Любящий взгляд герцога скользнул по золотистым кудрям сына, аристократические черты которого так напоминали черты его матери… Боже, до чего мальчик похож на нее!

— Мне тоже не хватало всего этого, Стюарт! — радостно рассмеялся герцог. — Я так часто вспоминал наши с тобой уроки, что не удержался и привез тебе кое-что.

Он кивнул груму, и из-за кареты вывели маленького белого пони, при виде которого у Стюарта от восторга округлились глаза.

— Пони! У меня будет собственный пони! Можно, я назову его Белым Танцором?

На губах герцога появилась улыбка умиления. Он взял поводья и подвел пони к Стюарту.

— Конечно, это мой подарок тебе. Будущему герцогу Фарли — все самое лучшее!

Они не заметили, как подошел юный Габриэль.

— Пони! — просиял он от счастья. — Вы привезли нам пони! — И потянулся погладить лошадку.

Резкое движение мальчика испугало пони, и он попятился, взбрыкнув передними ногами. Стюарт отскочил, вовремя избежав удара копытом. Герцог мгновенно взорвался:

— Этот пони для твоего брата, а не для тебя! И ради Бога, поаккуратнее! Ты же не идиот и понимаешь, как легко испугать лошадь! Твой брат мог пострадать!

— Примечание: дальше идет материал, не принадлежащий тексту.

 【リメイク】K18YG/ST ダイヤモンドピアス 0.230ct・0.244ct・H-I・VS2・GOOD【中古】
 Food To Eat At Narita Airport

Стюарт в растерянности заморгал:

— Он нечаянно, папа. Габриэль хотел только погладить Танцора. Правда, Габриэль?

Младший брат лишь опустил голову, молча страдая от вспышки гнева отца. Нижняя губа мальчика задрожала, глаза потухли… Недавней радости как не бывало.

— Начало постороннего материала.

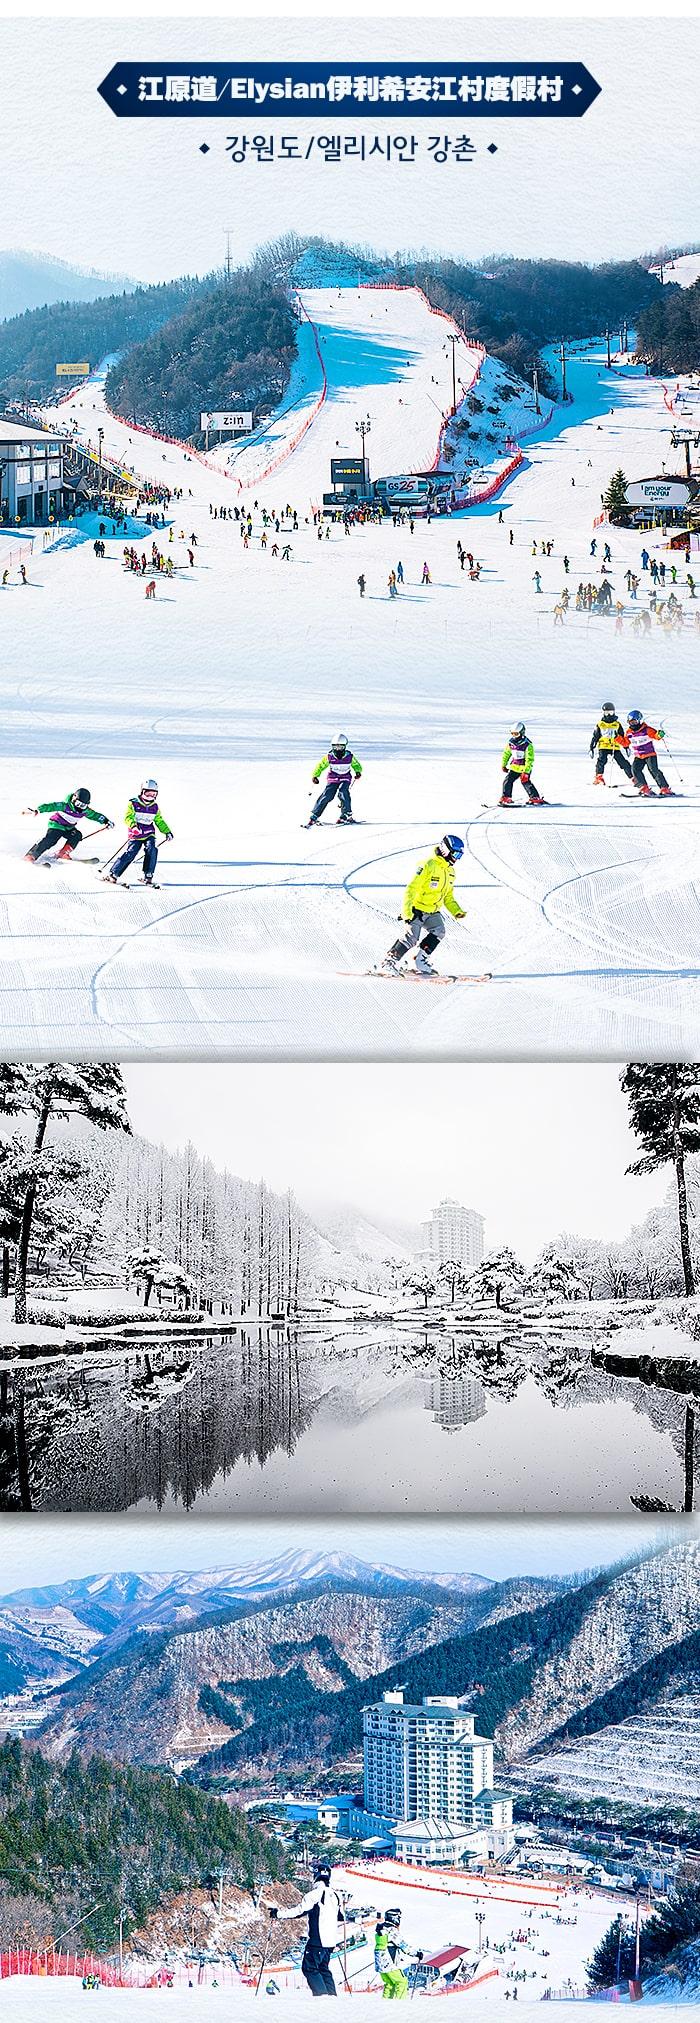 [主题频道/娱乐] 非凡冬日之旅 ! 18/19年度韩国滑雪场优惠 !

— Наверное, ты прав, сынок, — кивнул герцог, но даже не попытался скрыть раздражение. — Только ему не мешало бы поучиться манерам у тебя, Стюарт. Твой брат слишком часто поступает необдуманно.

Плечи младшего сына совсем поникли. Решив приободрить его, Стюарт с надеждой посмотрел на отца:

— А какой подарок вы привезли Габриэлю?

— О Боже, мы с Уиллом были так заняты поисками подходящего пони, что все остальное совершенно вылетело у меня из головы! Ну ладно, в следующий раз постараюсь не забыть. Пошли, Стюарт. Нам нужно многое обсудить. Я решил в следующий раз взять тебя с собой в Лондон.

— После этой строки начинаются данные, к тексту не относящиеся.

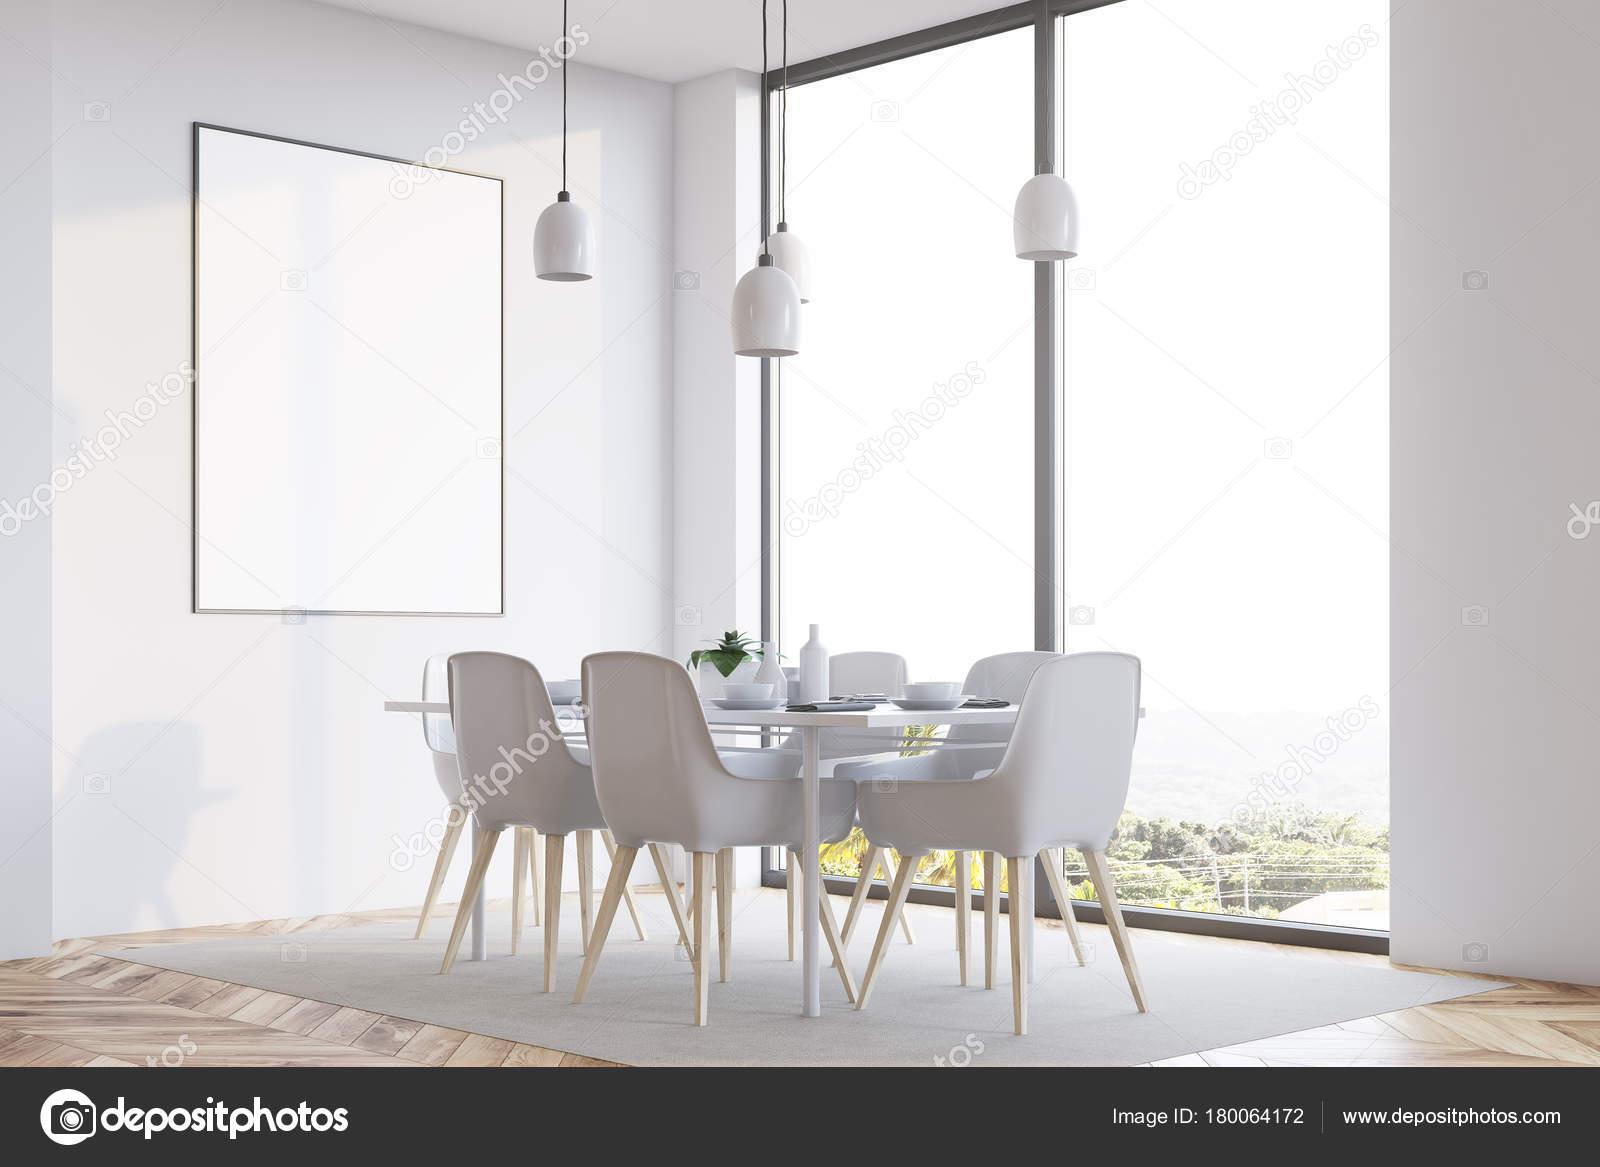 Weiße minimalistisch speisesaal corner plakat u2014 stockfoto

Герцог уже хотел уйти, но, словно вспомнив о чем-то, повернулся и погладил Габриэля по волосам — погладил как бы между делом: так ласкают кошку или другого домашнего зверька. Затем повернулся и ушел вместе со Стюартом, гордо вышагивавшим рядом.

А Габриэль остался. Ему не выпало счастья стать любимцем, он был просто малышом, не понимавшим, почему отец так строг и несправедлив к нему.


Шелковая занавеска скользнула на место. Леди Каролина Синклер, герцогиня Фарли, наблюдала эту сценку, стоя у окна. В ее глазах была невыразимая грусть, ибо она, как никто другой, понимала: ее мальчика только что ранили в самое сердце. И она знала, почему у малыша постоянно в глазах тоска. Иногда ей хотелось плакать — Габриэль всегда так старался угодить отцу, заслужить его похвалу! Но Эдмунд был слеп и равнодушен к сыновней преданности. Он почти не замечал второго сына. Ибо его гордостью был первенец.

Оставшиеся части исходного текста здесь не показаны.